Mini trace: insertion sort on nearly-sorted data
Each insertion shifts only a few elements, so total shifts scale with number of inversions, not (n^2).
Graph algorithms (BFS/DFS)
- Worst/Average/Best: (O(n+m)) for traversal itself—insensitive to input ordering, but graph density (m) vs (n) heavily influences actual running time.
Model & Assumptions (worked patterns)
- Uniform over inputs: average over all permutations/graphs/etc. Often unrealistic without justification.
- Stochastic process for inputs: e.g., keys are i.i.d. from a distribution (D) (state (D) explicitly).

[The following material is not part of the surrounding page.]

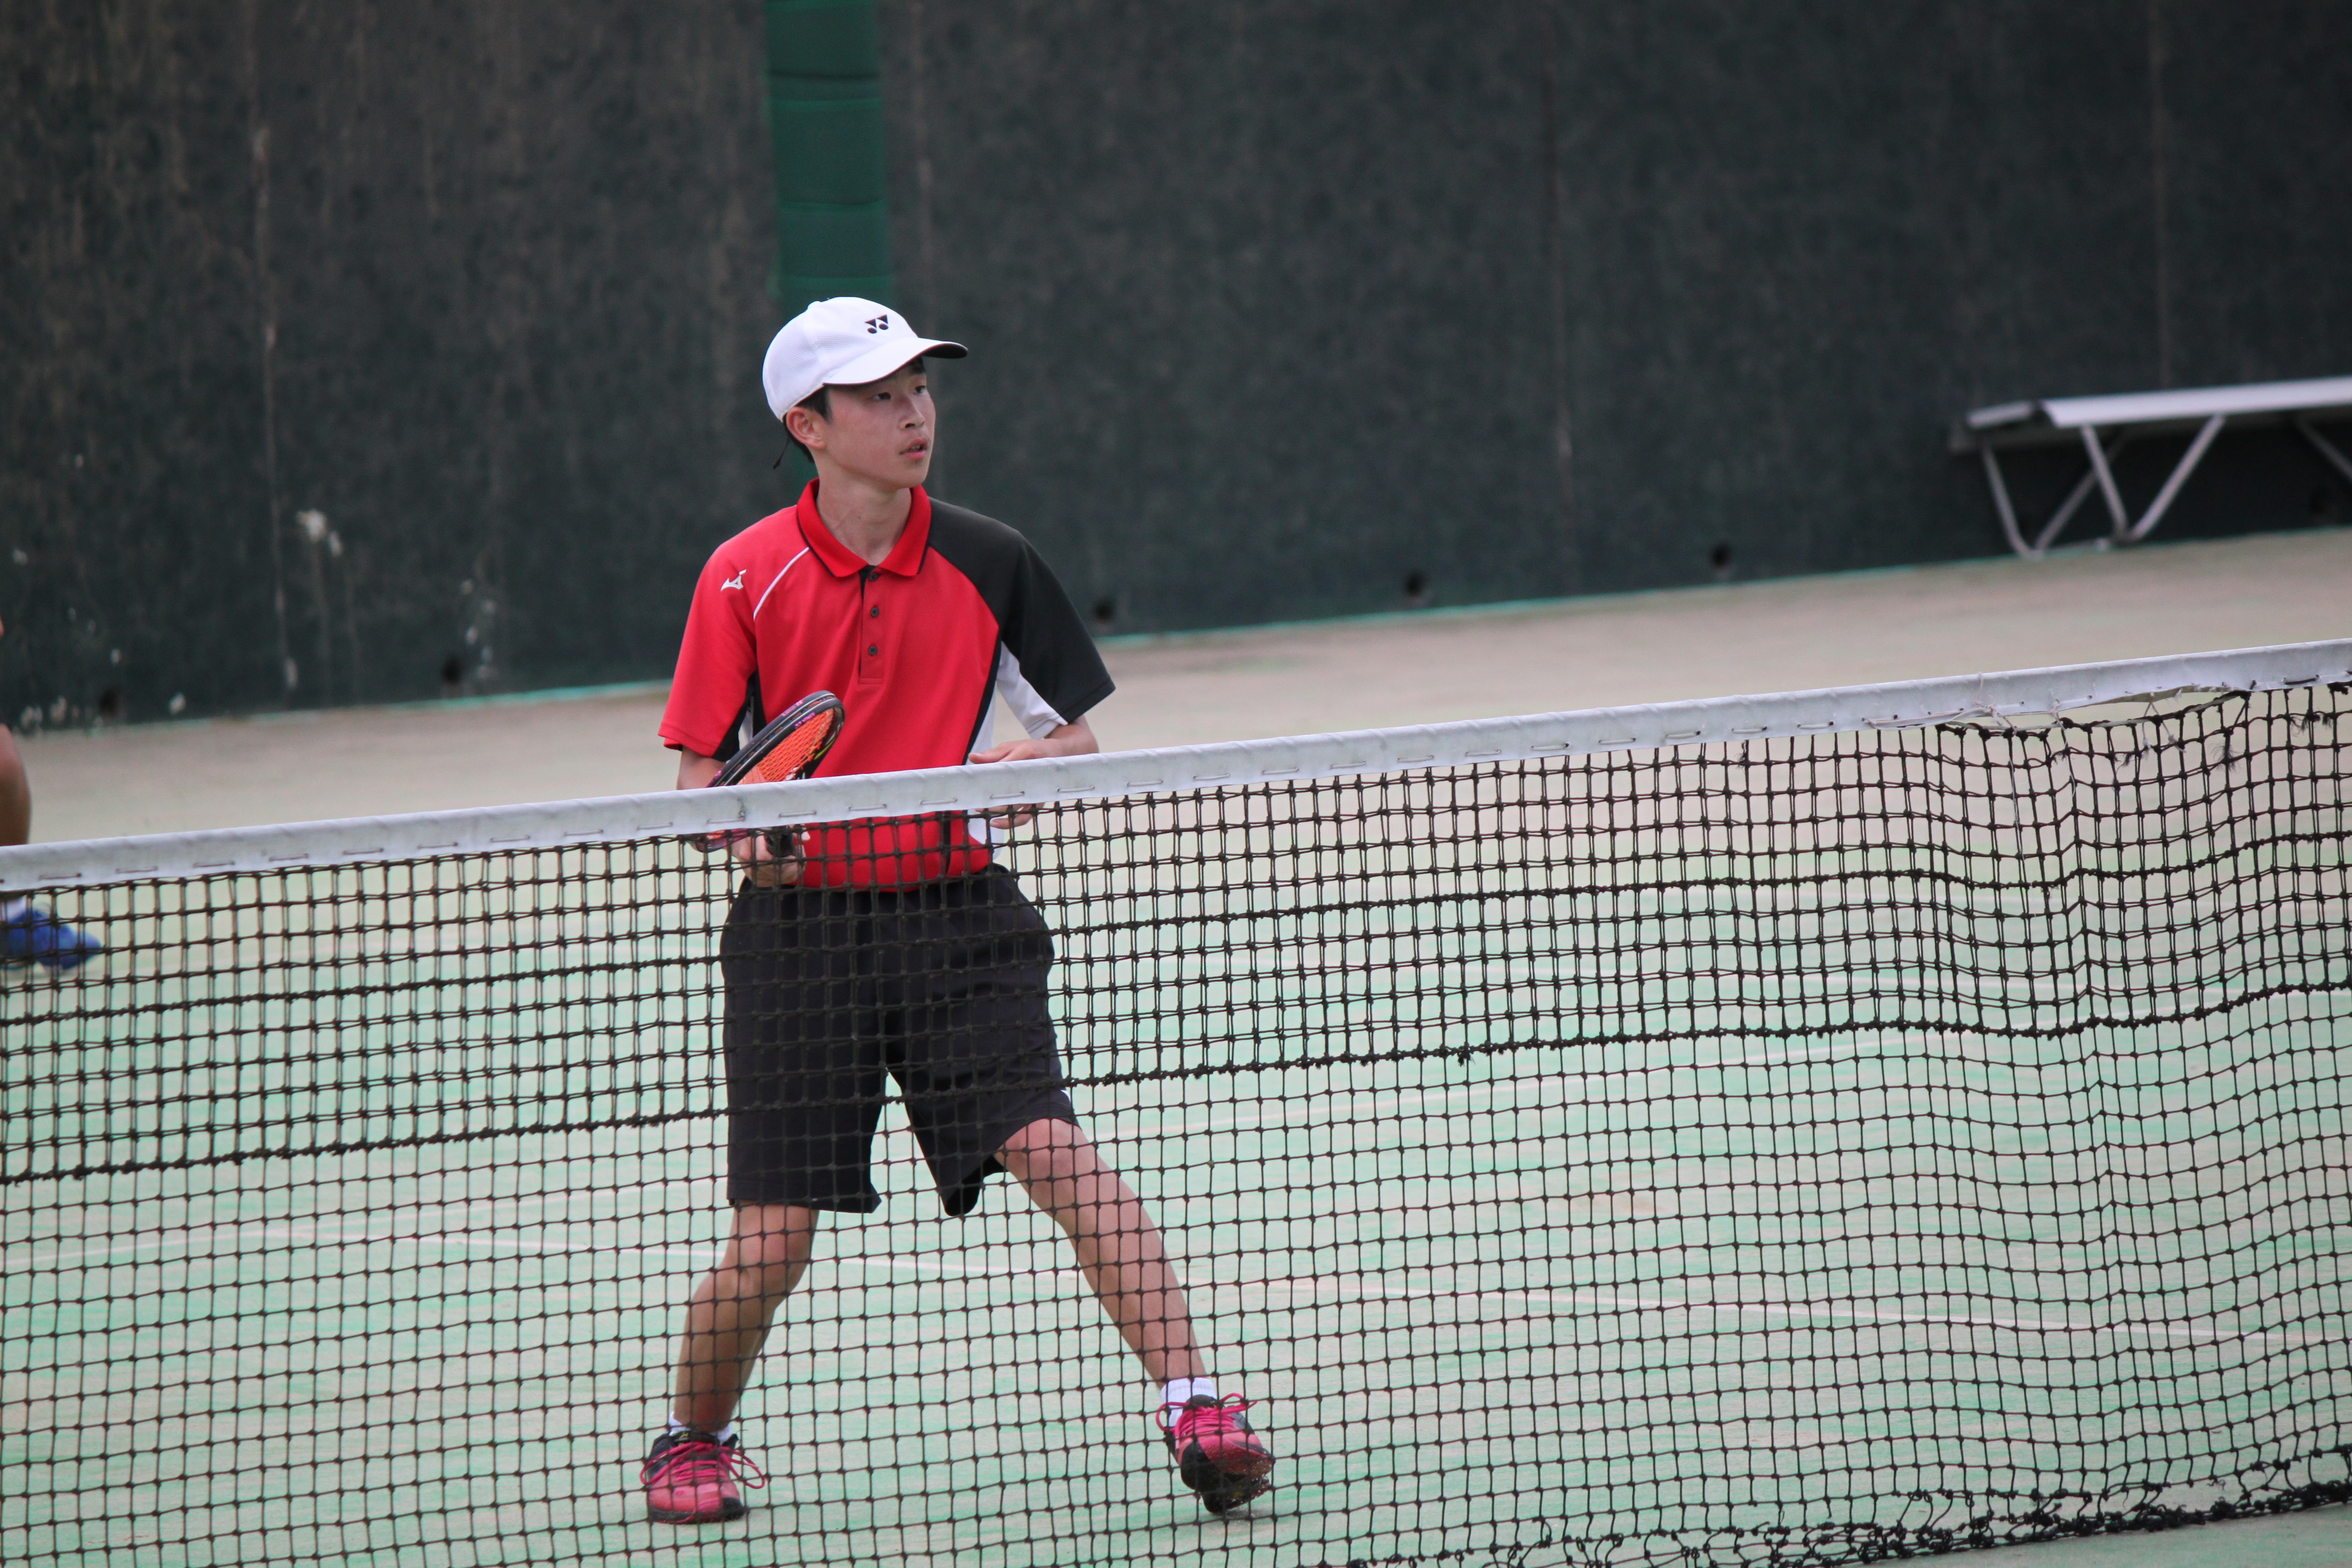 ソフトテニス (453)

- Randomized algorithms: expected runtime is over the algorithm’s own randomness for any input (Yao’s principle relates this to distributional inputs).
Concrete examples:
- Randomized quicksort: expectation over random pivot choices; average (O(n\log n)) for every fixed input.
- Cuckoo hashing: expected (O(1)) lookup under specific independence assumptions on hash functions.
Properties & Relationships
- Worst-case dominates: For asymptotic guarantees, worst-case bounds are sufficient (but sometimes pessimistic).
- Average-case depends on modeling: Changing the input or hash distribution can change the bound.
- Best-case rarely drives design: It’s a sanity check or highlights adaptability (e.g., partially sorted inputs).
Connections:
- Asymptotic Notation formalizes (O,\Omega,\Theta).
- Amortized Analysis differs: averages across operations on a structure, not across input instances.
- Time Complexity — Analysis and Time Complexity — Calculation provide techniques (summations, recurrences) to derive these bounds.
Heuristics & Design Guidance
- If the worst case matters, prefer algorithms with strong worst-case guarantees (e.g., heapsort (O(n\log n)) vs quicksort’s (O(n^2))).
- If inputs are well-mixed and latency spikes are tolerable, exploit average-case winners (randomized quicksort, hash tables).
- Use randomization to defend against adversarial inputs (e.g., randomized pivoting, randomized hashing).
- Detect structure at runtime: switch to insertion sort on tiny subarrays or nearly sorted data; use introsort (quicksort → heapsort fallback) to combine average-case speed with worst-case safety.
Common Pitfalls
Conflating "average" with "expected"
“Average case” is an expectation with respect to a specified distribution. If the real inputs don’t match that distribution, the claim may not hold.
Ignoring adversaries
Deterministic choices (first/last-element pivot) are exploitable; an attacker can force worst-case (O(n^2)) in quicksort or (O(n)) in hash tables.
Misusing best-case
Best-case bounds do not imply typical fast performance; they only show what’s possible, not what’s likely.
Prefer transparent assumptions
State the input model (uniform permutations, i.i.d. draws, or algorithmic randomization). If in doubt, prove a worst-case bound and measure empirical averages.
Practical Context
- Libraries: Many standard libraries use introsort (quicksort with median-of-three + heapsort fallback) to mitigate worst-case while keeping average speed.
- Systems: Hash tables rely on load-factor control and good hash functions (sometimes randomized) to ensure expected (O(1)).
- Data skew: Real-world keys are rarely uniform; evaluate with profiles and benchmarks that mirror production distributions.
Summary
- Worst case: guarantees performance under any input; may be pessimistic.
- Average case: expectations under stated distributions; powerful but model-sensitive.
- Best case: demonstrates adaptability; not a guarantee.
- Use randomization and fallbacks to combine strong typical performance with safety against adversaries.